Taking the components of a system containing multiple vectors

[Kaushik]

Please show me your work step by step as I outlined them. First step, how did you rewrite the equation
$d(h^2)=d(x_1^2)+d(c^2)$?

$\frac{d(h^2)}{dt} = \frac{d(x_1^2)}{dt} + \frac{d(c^2)}{dt}$
$2h(v_h) = 2x_1(u)$ (using chain rule)
$\frac{u}{v_h} = \frac{h}{x_1}$
Using trig,
$\frac{h}{x_1} = \frac{1}{cosθ}$
$∴ v_h = u(cosθ)$
Now, $v_h$ is the velocity along the inclined.

After this what should i do? Which triangle should i use? Please help.

Thanks.

 

[haruspex]

the string that is connected to the block is also moving with velocity u.

Each point of the string along the section from block to pulley is getting closer to the pulley at rate u. That is, of its total velocity, the component towards the pulley is u.

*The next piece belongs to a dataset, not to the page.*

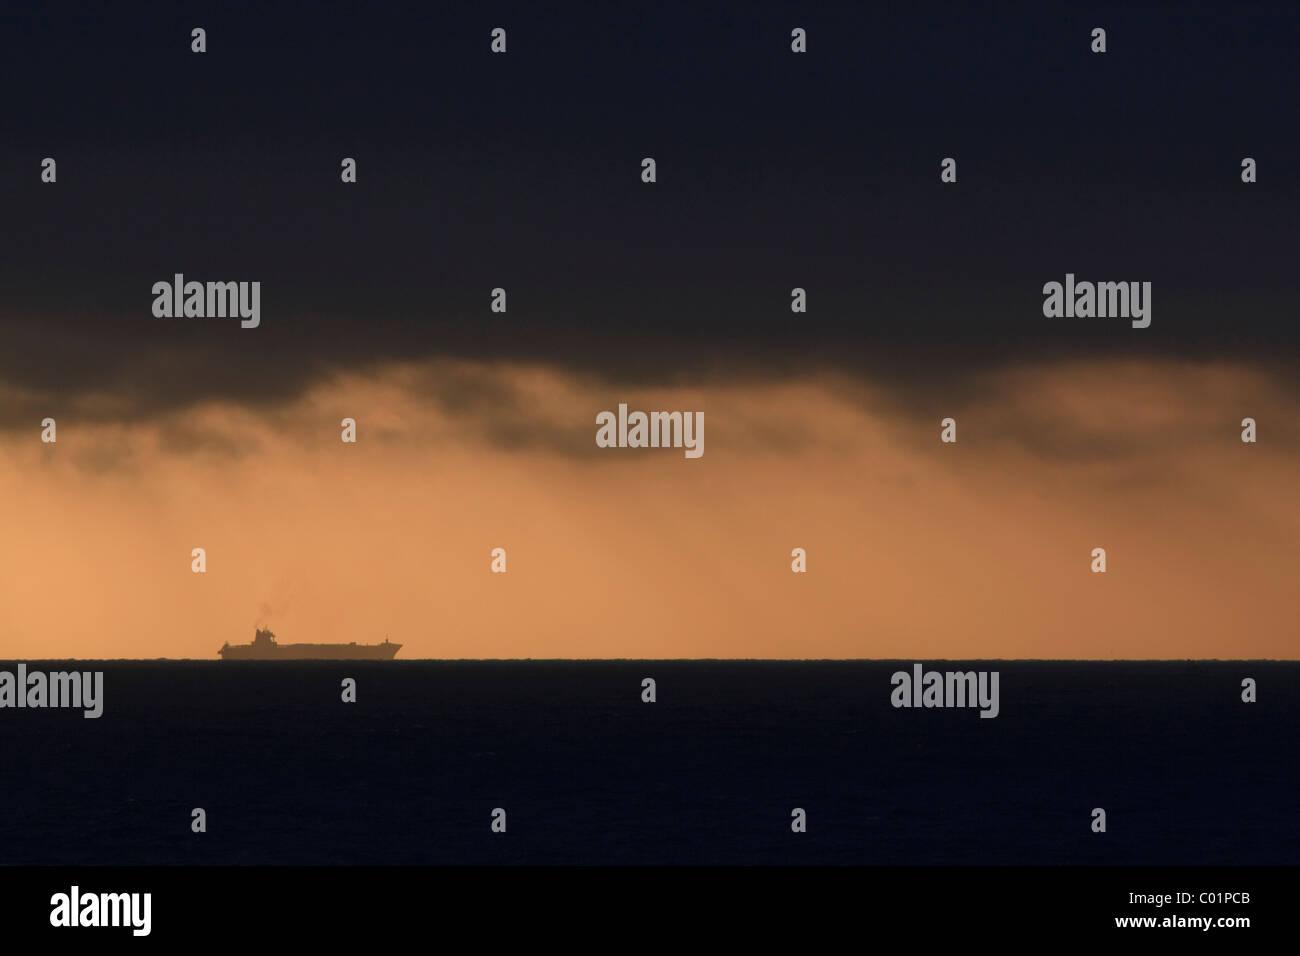 Large container ship on the darkened horizon at sunset, Hirtshals, Denmark, Scandinavia, Europe - Stock Image

Each point also has a tangential component, i.e. it has some rotation about the point of contact with the pulley. The further from the pulley the greater this component.
At the point where the string touches the block, the overall velocity, v, is vertical. It therefore has a velocity v cos(θ) towards the pulley (=u) and a tangential velocity v sin(θ)=u tan(θ).